Threaded rod, 5/16" or 8mm x 14 1/2" 4 (2 z axis, 2 cross bars) Threaded rod, 5/16 or 8mm x 16 " 1 (Top bar) Smooth rod, 5/16" or 8mm x 18" 4 (2 z axis, 2 Y axis table rails) Smooth rod, 5/16" or 8mm x 16 3/4" 2 (x carriage)

// by making the table wider than a standard heat plate we are able to place the leveling screws for easy access. I do not use the included bed drilling guide. I will provide one as I complete this. Lower print table 10 1/2" x 6" 1 Upper print table 10 1/2" x 9" 1

* nuts and bolts a lot Belt 66" 608 bearings 6 (5 if you use an option on the x carriage) lmu88 linear bearings 11 ( or print bushings) NEMA17 stepper motors 5 Control board- printRboard-Gen6(or 7)- RAMPS 1 ( I own all 3. I prefer Ramps. Just me.) end stops 3 ( I like the simple mechanical ones to start) thermistor, 100k 2 hot end - j type designed 1 (other hot ends may mount. A standard j type WILL) Heat plate 1 wires and connectors* I'll start counting 12v 30 amp power supply 1 Hobbed bolt 1 springs 6 (4 for table, 2 for extruder) T2 pulleys 2 (if you use T2 belt, or print XL pulleys for XL belt) Sheet glass, 8 1/2" x 8 1/2" with corners cut off 1 or more (people say to use tempered) Binding clips for glass 4 (see photos) Sheet cork gasket 8 1/2" x 8 1/2" 1 ( I use 2 layers. For under hotbed.)

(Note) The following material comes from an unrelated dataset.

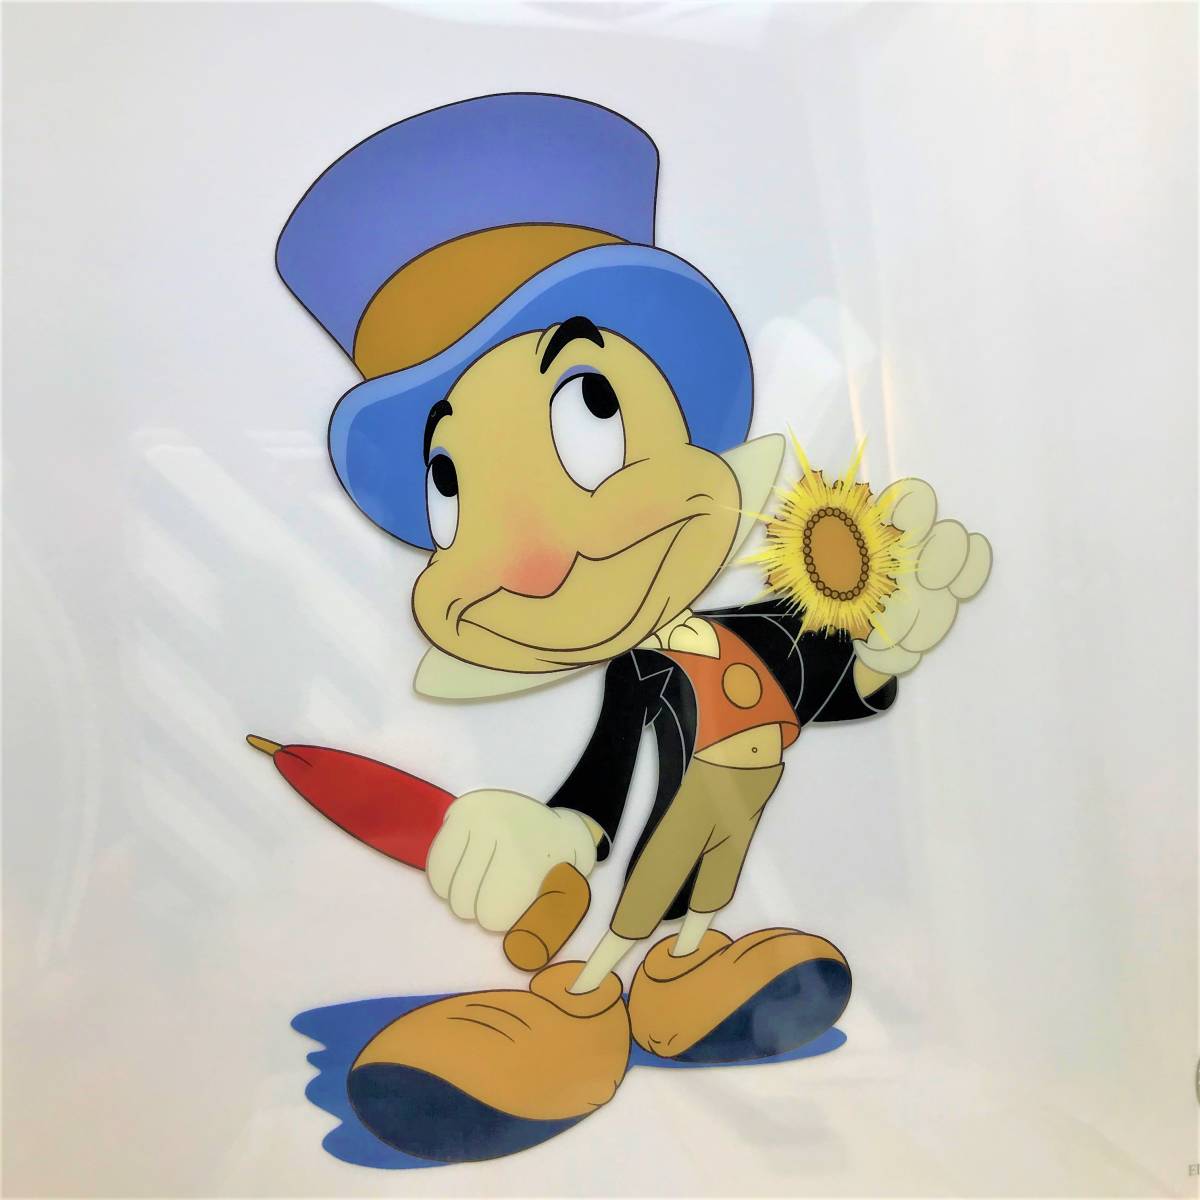 5000枚限定 セル画★ピノキオ Pinocchio ジミニー・クリケット Jiminy Cricket セリグラフ 壁掛け 額縁 絵 証明書★ディズニー Disney TDL

If you don't get filiment then you won't be able to print!

With those X-axis smooth bars so close together, how stable is your x-axis? Any wobble at all? Even when going fast? Speaking of wobble, have you found any problem with the naked top of the Y axis?
The carriage bars are the same as on the wallace (based on printRbot?) since they use the wallace parts. The bed rails are exactly the same as on a prusa but look closer since I made the bed wider to make it easy to access the adjustment screws after the hotbed is installed. I think that I would be likely to add stabilizers to the top of the z axis if I used this myself much. It is a standard wallace/printRbot set-up but There simply must be more "wobble" than on a Prusa or makerbot style. Everything else seems solid. Haven't really put it to hard and fast use so can't really say for certain. I use it mainly as a teaching tool and demo machine. Mostly default settings from slic3r with adjustments for things like extruder speed with the 47/9 gear ratio.
thank you.. have you tried to print these parts in PLA?
I used ABS but I have seen plenty of these parts in PLA. I would not expect any problems using PLA. That said, I do wonder about the relative strength on ABS or PLA parts like the bar-clamps. PLA may be better?
Great! I've tried various designs over the years trying to make a simple wooden frame. My goal was to make something that needed no printed parts. Nothing there. Had some success but nothing with the simplicity of what you've done. Easy to make too.

There are some pre-cut 1x4's in oak, pine, and poplar at Lowe's. Their accuracy is excellent and look good too. I may do one using those. No table saw needed that way.
Daid - in reply to Arvin
Take a look at the Mantis CNC design, it uses almost no parts at all. Very easy design, it uses spindles instead of belts, but that can be changed.